Black Coats

About Black Coats

This is a group of portraits from the war, but with no person. They come from different countries and belong to different battlefields. I collected these clothes from military enthusiasts, and they had an indescribable taste in the hand: lime, soy sauce mixed with mushrooms, or whatever.

The front of one of the coats was visibly stained with blood— dried blood. Whose blood is this? Who was owner of the clothes? Who was the comrade or enemy of the owner? Either way, at a certain time on a certain day of a certain year, the once-vibrant red liquid took its host’s temperature and migrated to the khaki fabric. The cells huddle together, cooling and waiting to die, leaving a mystery that is not important at the moment.
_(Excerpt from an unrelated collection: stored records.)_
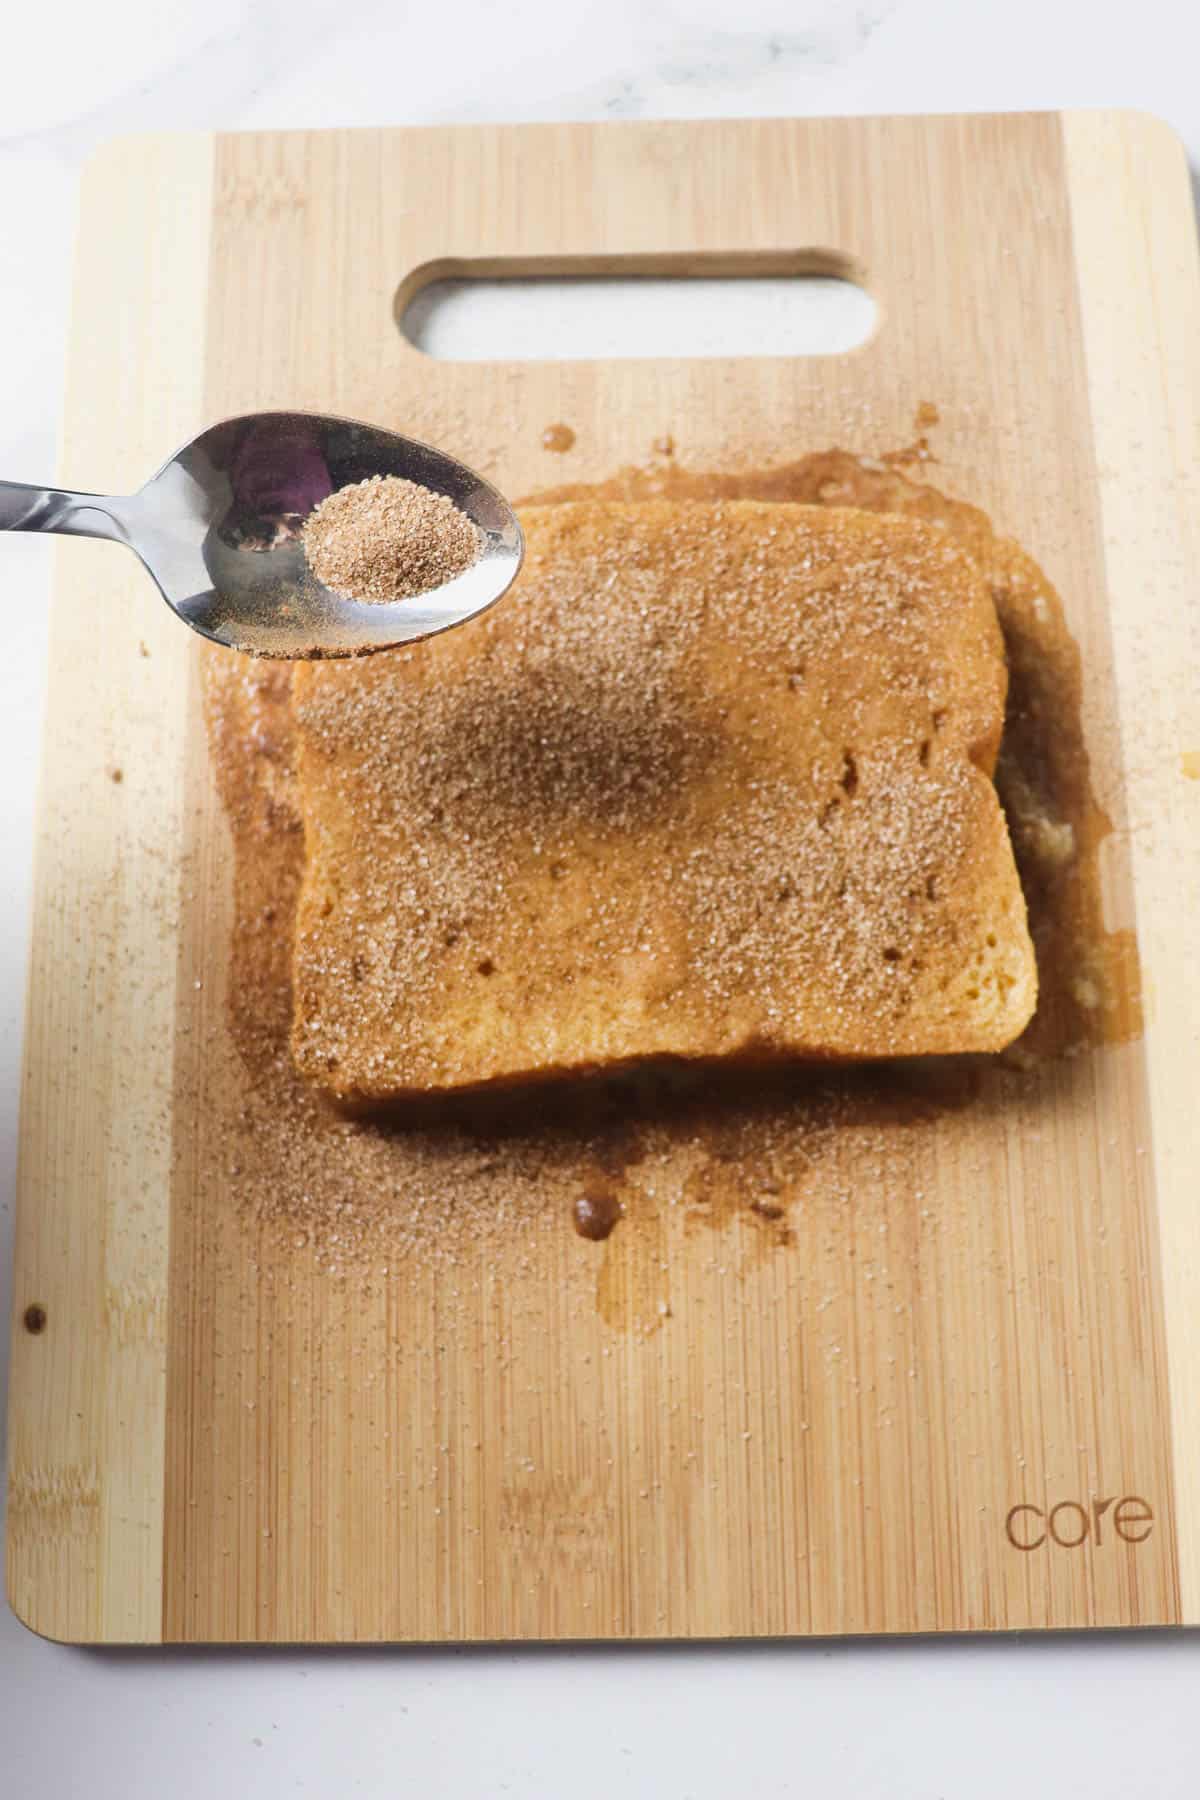 sprinkling cinnamon sugar mixture on french toast slices
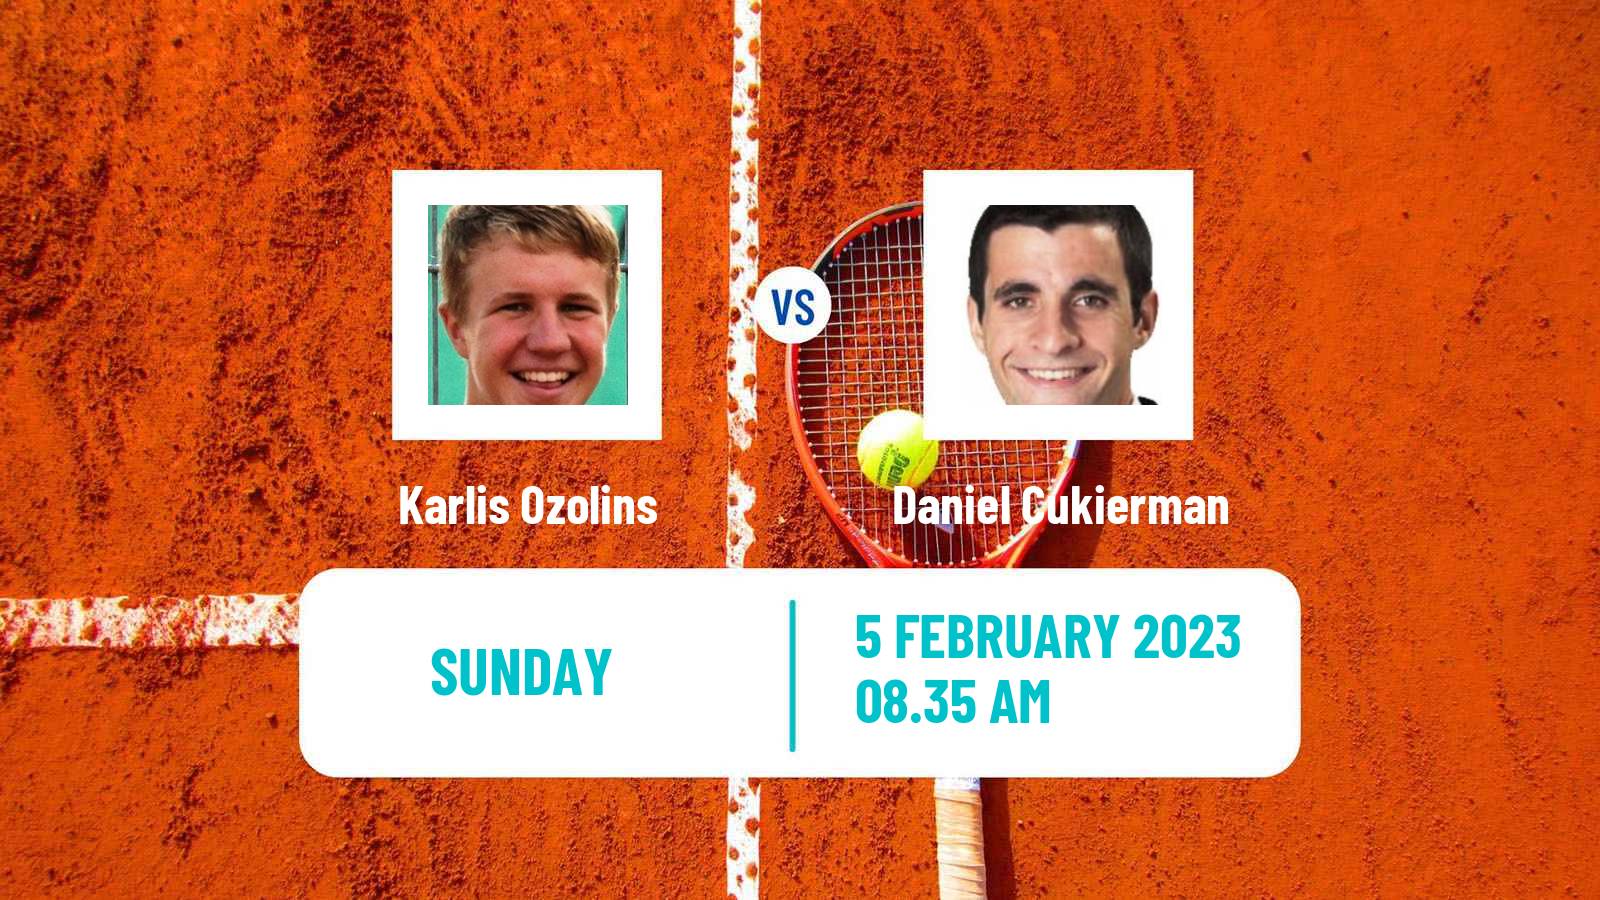 Tennis Davis Cup World Group I Karlis Ozolins - Daniel Cukierman
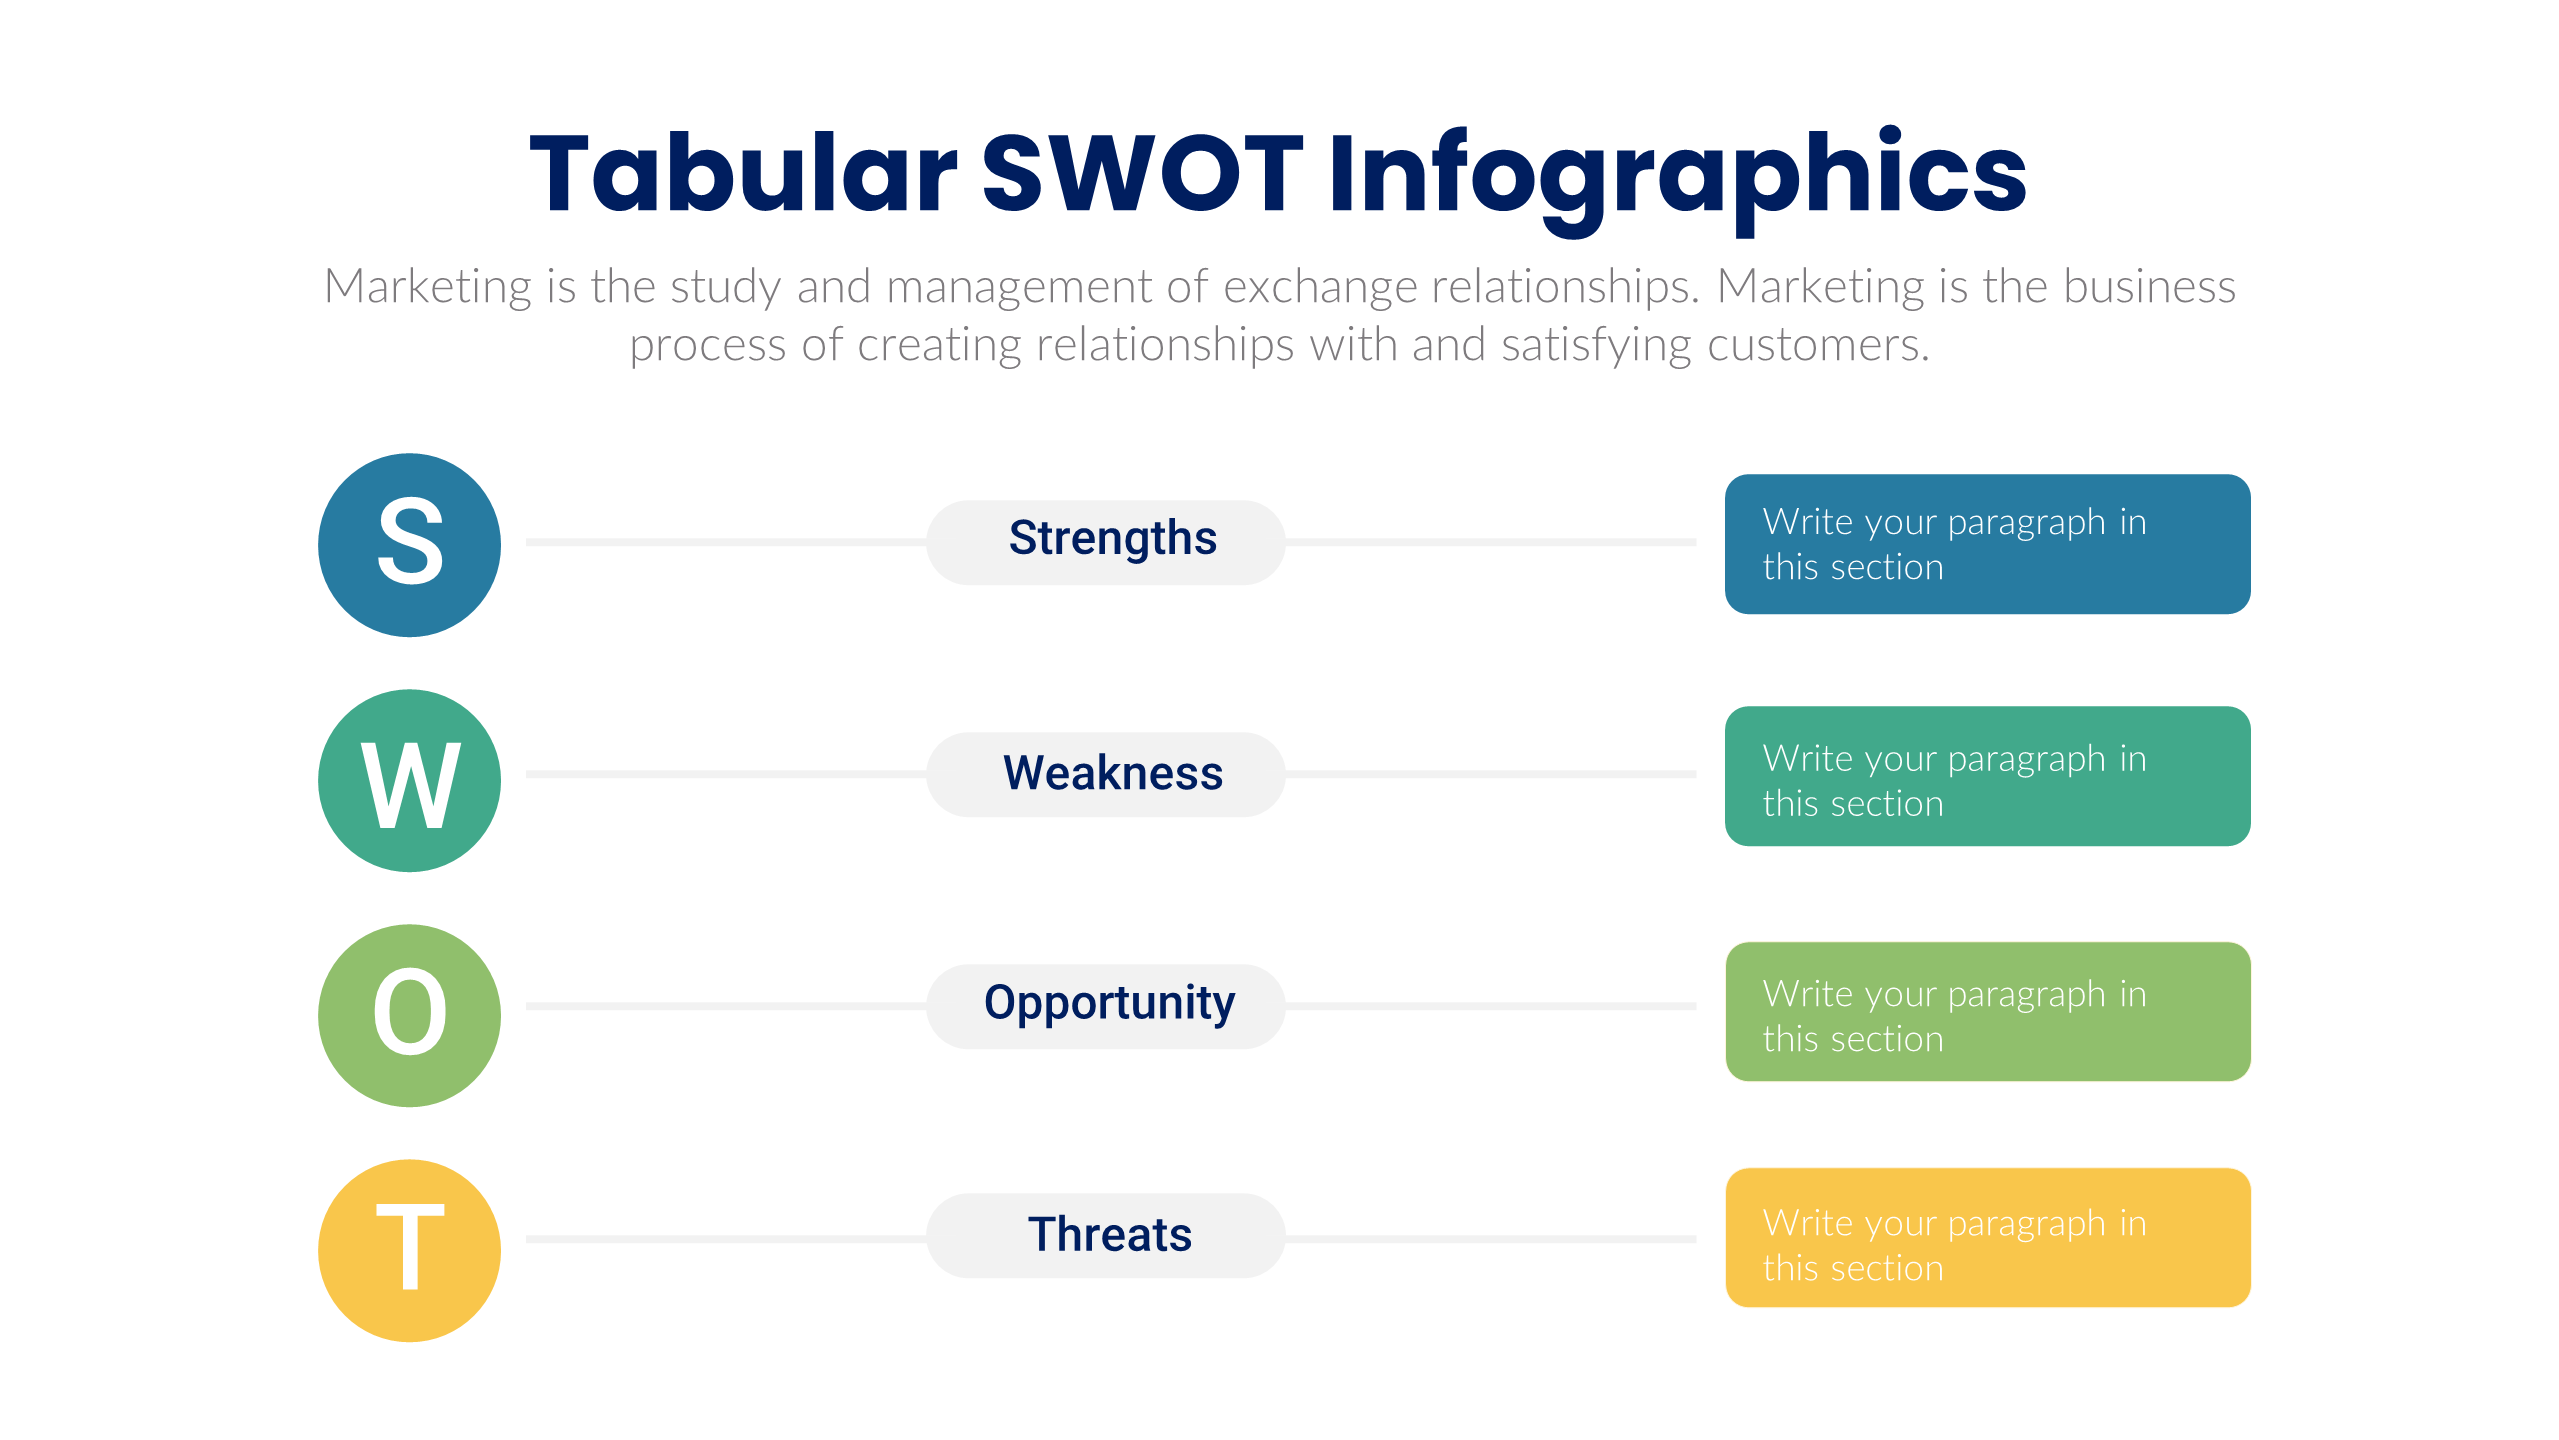 SWOT Analysis Diagram

On the inside of the left front of another Japanese uniform was printed the words “Ninety-Eight; Shōwa Fifteen-year; No.3”, with the owner’s name clearly written in the space below: Horii Kazuo. It was owned by a Japanese soldier named Horii Kazuo in 1940. Where on earth was he at the time? China? Southeast Asia? The Pacific Ocean? Or an island south of Japan? Is he still alive? He should be at least 100 years old if he is still alive! And if he died, how did he leave the world (with glory or infamy, love or sorrow of which we will never know)? I imagine that at someday, perhaps, he would also look at the mist in the mountains in the morning, the burning clouds in the sea at dusk, or the Milky Way in the stars in the night.

I often wondered about their identities and these clothes: what determined their owners, who then they left, and how did they end up lying quietly in the collector's closet? These clothes separate me from the truth. These "skins" seem to be all that separates me from people I've never met. So thin, yet so far apart. They fade away in obscurity, and no one cares about the stories that were once wrapped by these symbols. They have lost enemies or friends. They lost time. They recede from the past, then sink into the deep sea of history, which never answers.

At the end of Blade Runner, the dying man-made man Roy says:

“I’ve seen things you people wouldn’t believe.

Attack ships on fire off the shoulder of Orion.

I watched C-beams glitter in the dark near the Tannhäuser Gate.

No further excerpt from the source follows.